As designers and developers, we are locked in a constant battle to try and maintain a quality user experience. Slowly over the years, elegant solutions to common problems have slowly crept into the market and have made the overall production and management of this ever evolving product more feasible and enjoyable.
There is however a very big gaping hole in the entire design process for the web. Unbelievably, it is centered on what got the web going in the first place. Type.
Sunday, my wife and I went to see Ben Folds at The Pageant here in St. Louis and in the middle of the show Ben told an anecdote about the music industry being in the shitter and that in 50 years we will all look back and remember when a musician could actually be a millionaire.
The same is true for every medium that finds itself head on with the digital divide. Eventually the demand surpasses the model and the innovators and early adopters are left holding the reigns often to direct it in ways the true standard bearers would never have taken it.
This is where the Foundries have a very myopic view of the future. They, like all other Intellectual Property owners before them are holding on to a market that more sooner than later will be supplanted by those willing to work in a new model.
Take a look at the EULA for type houses and their fine print. For embedding in a Flash movie via sIFR,
...purchase an additional single-computer font license for the web server itself ...
But a few lines down about PDF distribution:
Our end-user font licenses allow only the production of Workflow PDFs, notPublic PDFs. For organizations that need to circulate PDFs more widely, we offer an Embedding License as a supplemental product.
Wait. So they understand the concept that a type face headed to a printer should be allowed as there is pretty much no way to use the purchased license by other methods but on the screen it's different? And how is a web page not "widely circulated"? A font embedded in a swf is being rendered by the clients environment. Thats more "circulated" than a PDF.

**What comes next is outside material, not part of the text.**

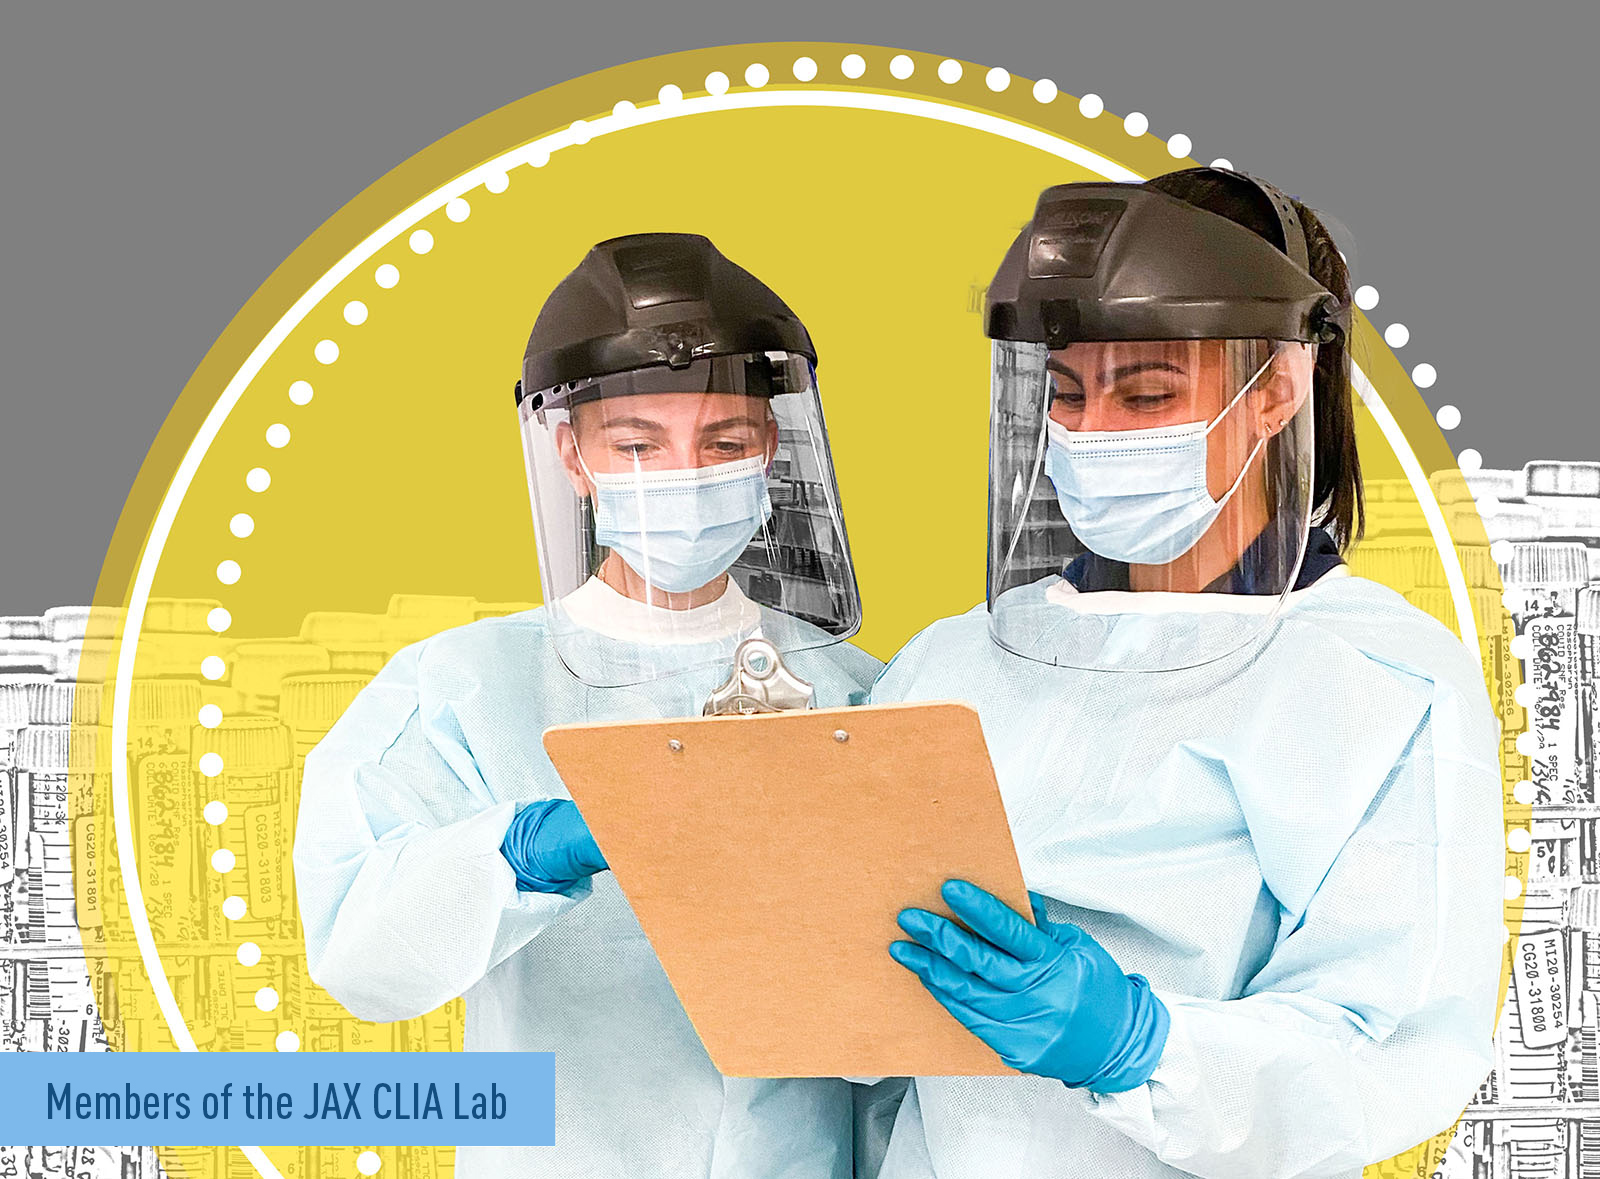 Two scientists working at the JAX CLIA lab

Part of this is a value based pricing and do not get me wrong. I am not arguing the value of a typeface. Developing a usable and elegant typeface is time consuming work. As one who sells his time, I fully respect that in every regard. But looking at the state of the art, the needs presented by technology, and the demand from the market, one cannot look at the foundries and not offer to them an anecdote like the one delivered by Mr. Folds.

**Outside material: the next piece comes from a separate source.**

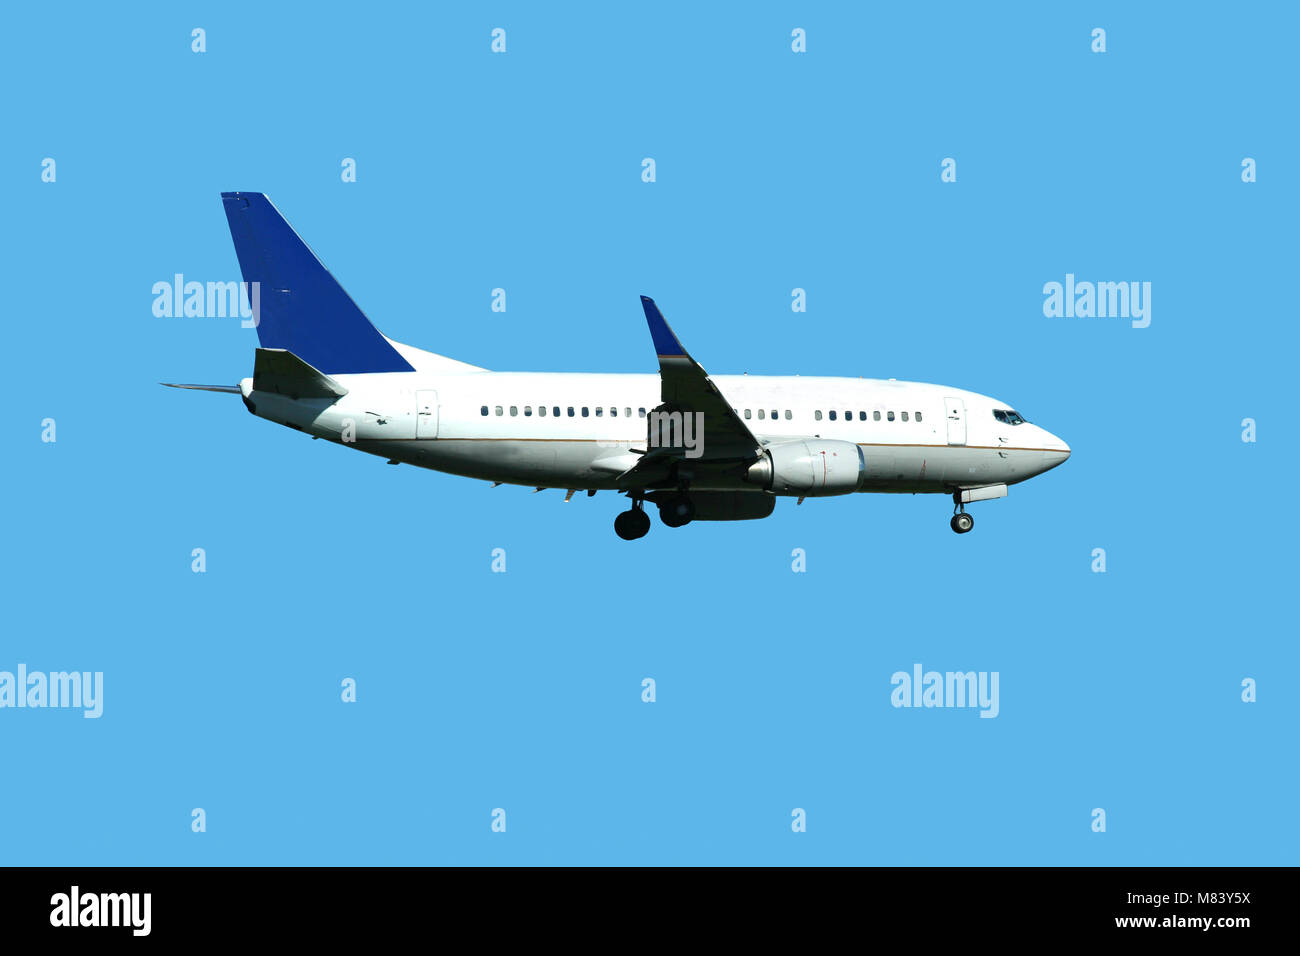 A Passenger jet plane landing Stock Photo

There is a monumental shift in the type industry right now. For the past 10 years, typography on the web has been playing catch up trying to match brand guidelines that were developed years before. Offline was driving the on screen experience.
Now with brands spending their formative years in the glass, online production needs are starting to drive brand standards. Typefaces that don't play well or the foundries not giving way to the market demands will be passed up in favor of those that will.
So let me offer a few insights as I see it
- Font Rights Management on the web will never reach the level of security the type houses are looking for shy of a proprietary system implemented by the browser makers. That has an ice cube's chance in hell of happening. Just look at what the've done with video
- Younger designers, who've never seen a transparency or smelled a bucket of fixer, will look at the antiquated license model and shy in favor of open type providers such as Google's WebFonts. Why? Less road blocks.
- Typographers who fully embrace the wild west and unsecured distribution model of type faces on the web will become the industry leaders. For all our sakes, lets hope they are talented.
Every slumbering giant before has fallen on the sword of the web. The type industry better wake up and grab the reigns while they still can.